Practical recommendations (who should act and how)
- For policymakers and military leaders:
- Increase transparency about AI roles in targeting and mission-planning; codify human control standards.
- Protect critical AI infrastructure (data centers, subsea cables); consider diversifying and hardening supply chains.
- Revisit procurement and risk assessments for third-party models in classified systems.
- For company leaders and managers:
- Define outcomes (not just output) for AI use; limit the proliferation of overlapping AI tools.
- Create team-level AI workflows and open communication channels to reduce single-person cognitive bottlenecks.
- Build AI fluency programs that include cognitive load management and governance, not only technical skills.
- For workers:
- Acknowledge and name brain fry; talk to managers about boundaries and expectations.
- Consolidate tools where possible; focus prompts and set “done” criteria to prevent endless iteration.
- Use AI for repetitive tasks to reclaim time for higher-skill or social work that reduces burnout risk.
- For consumers and creators:
- Be skeptical of services that display or monetize other people’s identities without consent.
- Prefer transparent AI features that disclose provenance and compensate creators when their work is being used.
Context and implications
- The Iran conflict is a real-world stress test for how AI integrates into high-stakes systems.

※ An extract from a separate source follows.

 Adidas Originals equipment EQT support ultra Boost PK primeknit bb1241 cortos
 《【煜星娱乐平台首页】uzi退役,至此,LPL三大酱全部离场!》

Short-term effects include better signal extraction and faster operations; medium/long-term risks include erosion of human oversight, escalation dynamics, and vulnerable global infrastructure.
- Workplace AI adoption is not uniformly beneficial: organizational design, managerial practice, and ecosystem tooling profoundly affect whether AI reduces drudgery or creates cognitive overload.
- Product ethics matter: the Grammarly episode shows rapid consumer backlash can force change, but many problematic AI practices (unauthorized use of creators’ work, hallucinated attributions) remain widespread.
If you want a one-line summary: AI is already reshaping warfighting and workplaces in practical ways — with real benefits and real harms — while the commercial AI ecosystem is still figuring out the ethics, governance, and business models that should accompany these capabilities.